Monday, March 15, 2010

The Cost of Health Care

I read the story about Manny Evans and his mother Annisha Evans in this morning's Toledo Blade.  Naturally The Blade wouldn't publish the article on line, so screw 'em.  Here's the article as published in two other news sites: PhillyBurbs and Cincinnati.  Manny is seven years old and has neurofibromatosis. Annisha Evans has two other children, is unemployed, and is unable to care for Manny at home.  Therefore, Manny lives at Cincinnati Children's Hospital Medical Center in Cincinnati, Ohio.  The cost for Manny's room is about $3000 per day.  Medicaid pays $1000 and the hospital writes off the rest as a bad debt.  Manny has been living at the hospital for the last four years, which amounts to $365,000 per year plus handling costs from the government workers at medicaid, and this is just the room.  If we believe the article, four or five children in the same situation exist at this hospital.

Granted that this is one case, making it anecdotal evidence of the high cost of medical care for the uninsured.  However, if Obama's health care plan becomes law, how much longer before this case is no longer anecdotal, and who is going to set the spending cap?  Or is the government just going to keep on spending?

2 comments:

Hooda Thunkit (Dave Zawodny) said...

The Gubmint will keep on spending; that's all that they know how to do.

"If we can save help just one child. . ."

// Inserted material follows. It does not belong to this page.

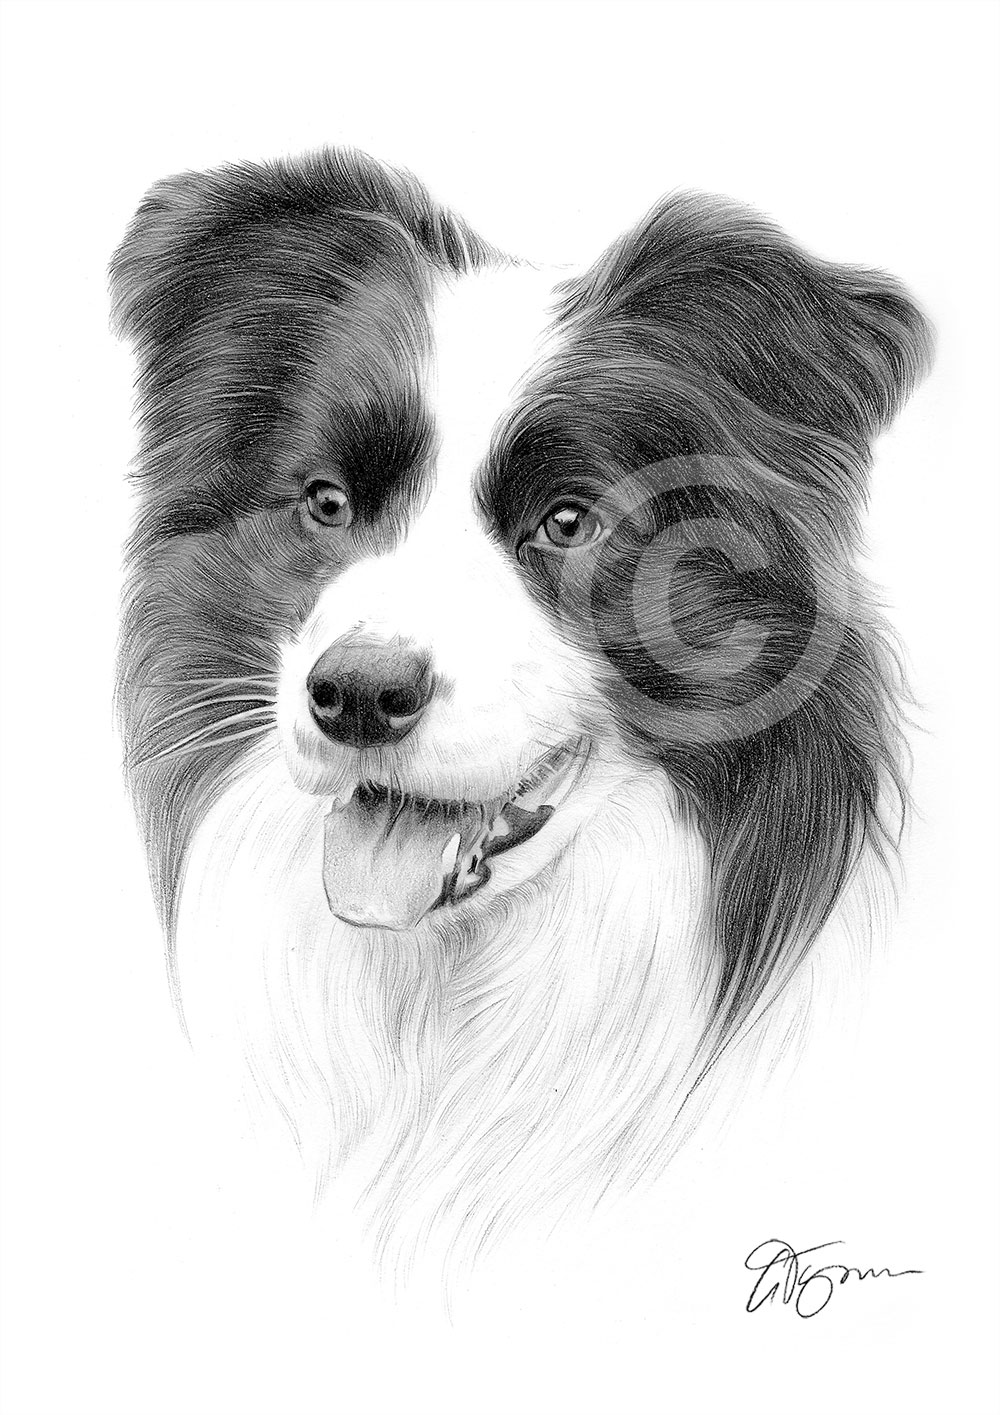 BORDER COLLIE pencil drawing art print A3 / A4 sizes
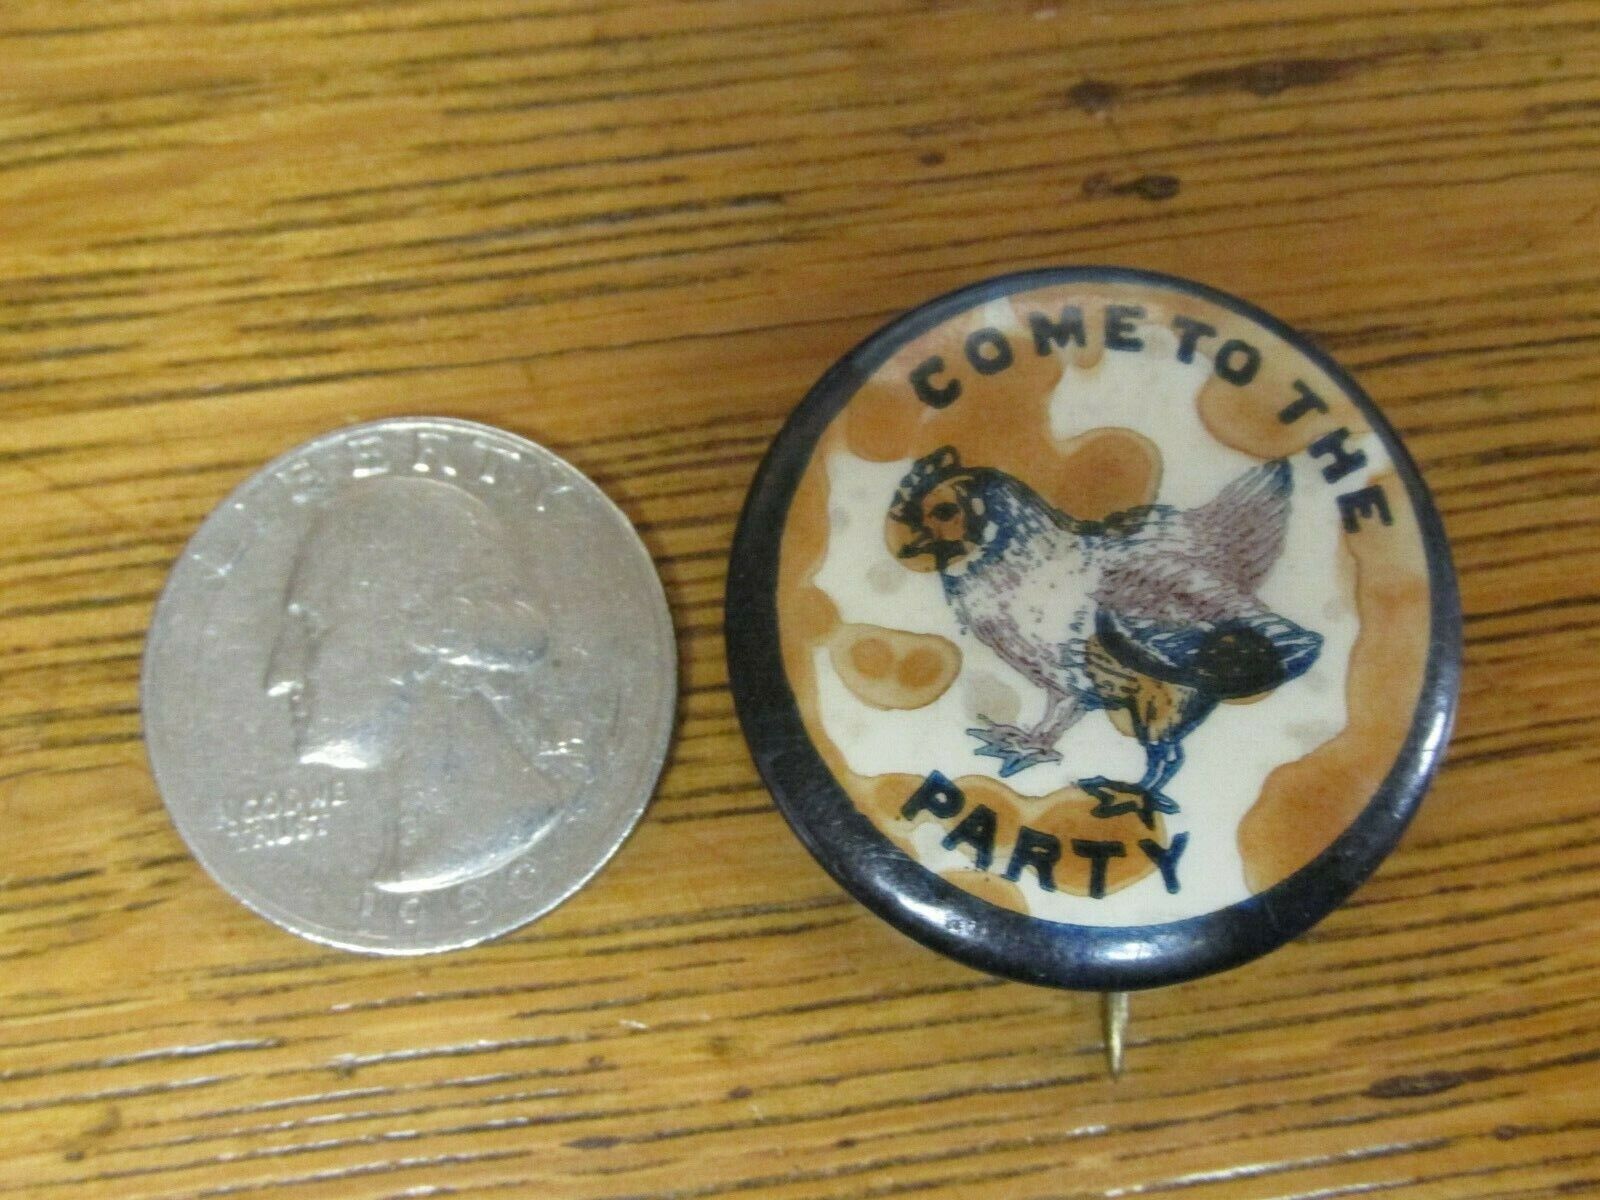 ANTIQUE RARE DEMOCRATIC POLICTICAL PINBACK COME TO THE PARTY w/ ROOSTER C.1920s

But what if we put the shoe on the other foot, the Parent's?

How long would this or any parent keep paying out of their very own pocket and with what expectation (long term)?

As long as somebody else is willing to pay though, money is never the issue and neither is the quality of life.

What the medical professionals need is a set of guidelines, some objective and realistic expectations and a whole lot of uncommon sense in cases like this.


For in reality, what are they really doing here, making the child's life tolerable until he/she outgrows the condition, or are they just reinforcing a false hope in the face of the stark reality of the inevitability of the situation?

Mad Jack said...

Exactly. The parents will very likely continue to spend until they can borrow no more from anyone. They will then have to face the issue squarely, which they've been dodging. Don't get me wrong, because I'd do the same thing, I think. It's when someone else's money is being spent that limits must be set.

Quality of life is something that should be considered more often than not, and it isn't.